Firman Allah ﷻ: “Kemudian biarkanlah mereka bermain-main dalam kesesatannya.” (Al-An'am: 91)
Artinya, biarkanlah mereka dalam kebodohan dan bermain-main dalam kesesatannya, hingga datang kepada mereka kepastian yang meyakinkan dari Allah.

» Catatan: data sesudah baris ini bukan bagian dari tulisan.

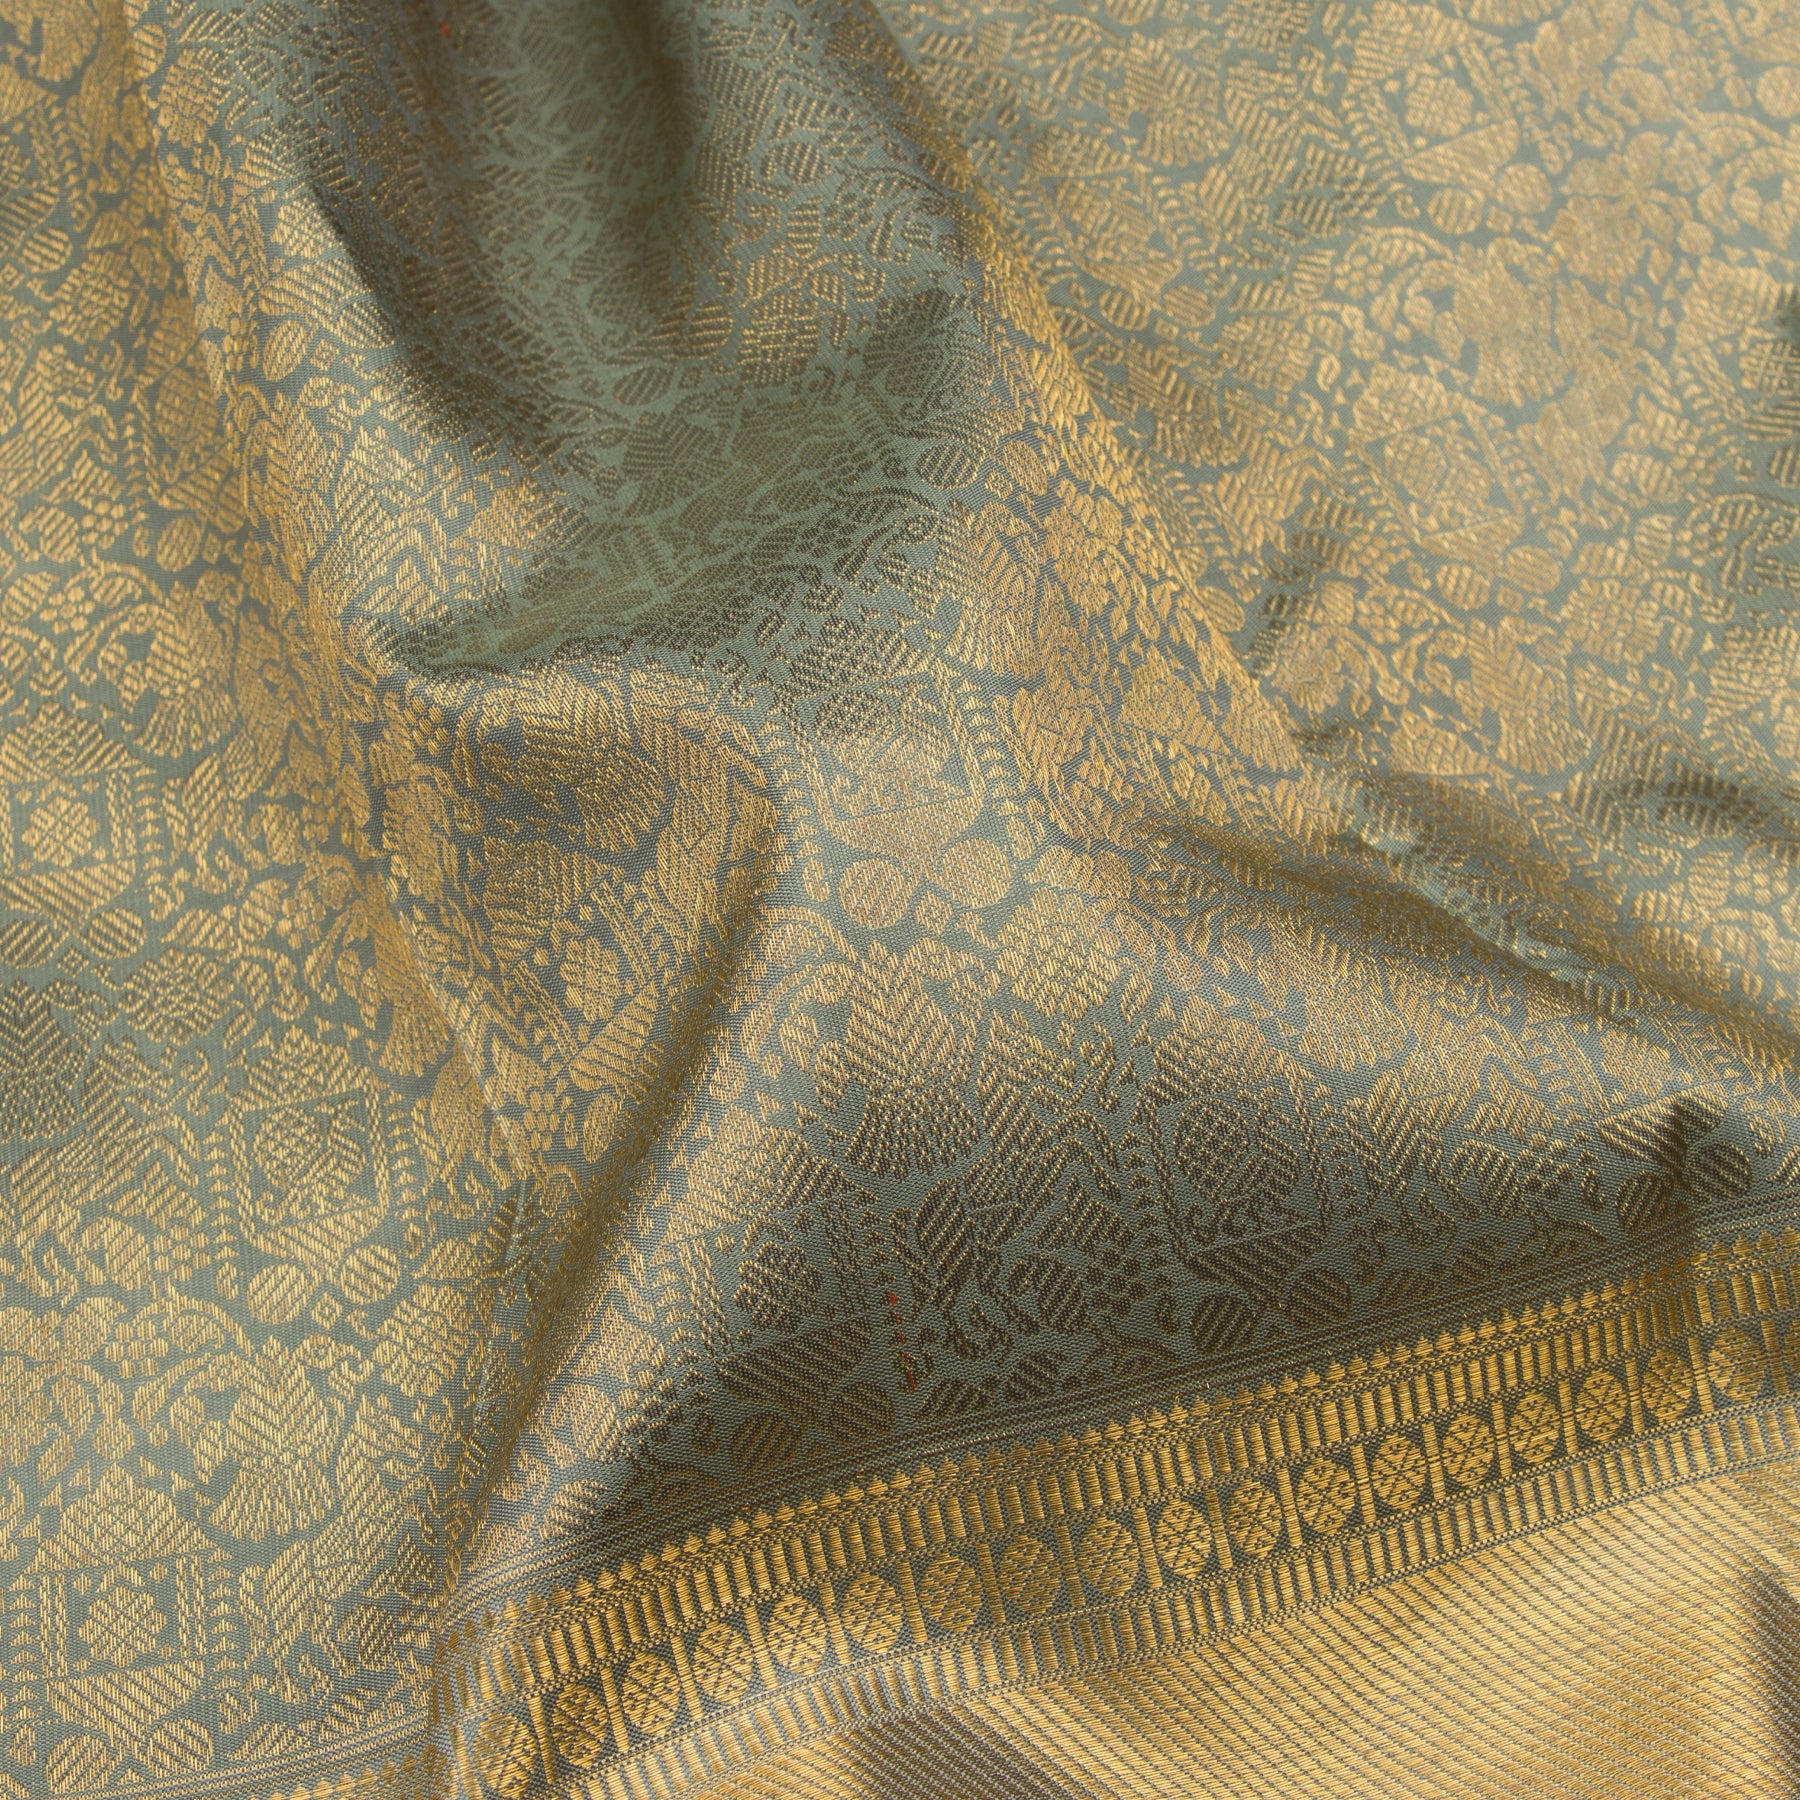 Kanakavalli Kanjivaram Silk Sari 23-110-HS001-08340 - Fabric View

Maka mereka akan mengetahui siapakah yang akan mendapat balasan yang terpuji, apakah mereka ataukah hamba-hamba Allah yang bertakwa?
Ayat 92
Firman Allah ﷻ: “Dan kitab ini.” (Al-An'am: 92)
Yakni Al-Qur'an.
“Kitab ini kami turunkan dengan penuh berkah (oleh) yang membenarkan kitab-kitab yang (diturunkan) sebelumnya dan agar kamu memberi peringatan kepada (penduduk) Ummul Qura.” (Al-An'am: 92)
Maksudnya adalah kota Mekah.
“Dan orang-orang yang di luar lingkungannya.” (Al-An'am: 92) Dari kalangan kabilah-kabilah Arab Badui dan semua bangsa dari keturunan Anak Adam, baik yang Arab maupun yang 'Ajam, seperti yang disebutkan oleh Allah ﷻ dalam ayat-ayat lain, yaitu:
“Katakanlah, ‘Wahai manusia, sesungguhnya aku adalah utusan Allah kepada kalian semua’.” (Al-A'raf: 158)
“Supaya dengan itu aku memberi peringatan kepada kalian dan kepada orang-orang yang sampai Al-Qur'an (kepadanya).” (Al-An'am: 19)
“Dan barang siapa di antara mereka (orang-orang Quraisy) dan sekutu-sekutunya yang kafir kepada Al-Qur'an, maka nerakalah tempat yang diancamkan baginya.” (Hud: 17)
Maha Suci Allah yang telah menurunkan Al-Furqan (Al-Qur'an) kepada hamba-Nya, agar dia menjadi pemberi peringatan kepada seluruh alam.” (Al-Furqan: 1)
“Dan katakanlah kepada orang-orang yang telah diberi Kitab dan kepada orang-orang buta huruf, ‘Sudahkah kamu masuk Islam?’ Jika mereka masuk Islam, berarti mereka telah mendapat petunjuk, tetapi jika mereka berpaling, maka kewajibanmu hanyalah menyampaikan. Dan Allah Maha Melihat hamba-hamba-Nya.” (Ali Imran: 20)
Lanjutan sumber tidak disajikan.